Since I had a crazy lunch, I figured something healthy was in-order for dinner. 
A hot sausage will always seduce me. WTF is a Turducken Sausage? 
More hotdog art. 
If the Crips had a street band it might look like this. 
The next day was rainy. Rain on a bike is no bueno. 
I rode over to Dr. Bob's art compound. Got extra carousel horses laying around the house? Here's a little nifty craft idea. 
Dr. Bob ships to anywhere in the world.  
On a budget? For $30 you can purchase the "Be gay and stay" sign for the porch. 
So I had a rough time at the art conference. Instead of drowning my sorrows in a beer, I went to Elizabeth's for a dose of food coma on a plate. I couldn't decide on praline bacon or the french toast breakfast burrito. The waitress told me to "Go big or go home!" That is the best up-sale line to date. 
Some art at Ogden Museum of Southern Art.
This is what "the man" does to you.
Is is a problem in your home? 
Crucified fish. 
Dixieland Jazz
An artist decided to take all the famous art nudes and put them together in one painting. This in only a detail, If i showed the whole piece you wouldn't be able to taking about anything else for the remainder of the day. 
Kid art is always good. 
Need something for that empty wall in the dining room? 

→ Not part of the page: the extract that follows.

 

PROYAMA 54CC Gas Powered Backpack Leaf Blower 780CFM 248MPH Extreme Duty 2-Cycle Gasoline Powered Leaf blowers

This looks like a good time. the rest of the painting has an enormous watermelon the size of the building. Perhaps watermelon makes you act like this. 
OCD art at the CAC (Contemporary Arts Center) is also fine.
The CAC's top floor was dedicated to Carnival. 

Looks fun, but...
Cardboard sculptures. 
If husky males dressed up as nuns playing Clash covers is your thing, drop what your doing right now and move to Denver. 
Keith and Steve of OFF! at the Ogden.
Some more OFF!
Going OFF!
Keith looking insane.
getting OFF!
I could only get to one side of the stage.
Keith ready to go OFF!
Farkkk OFF!
After the set. 
A little Bad Religion. 
Brian Baker not only likes the Cockney Rejects but sports a Discharge sticker on his guitar.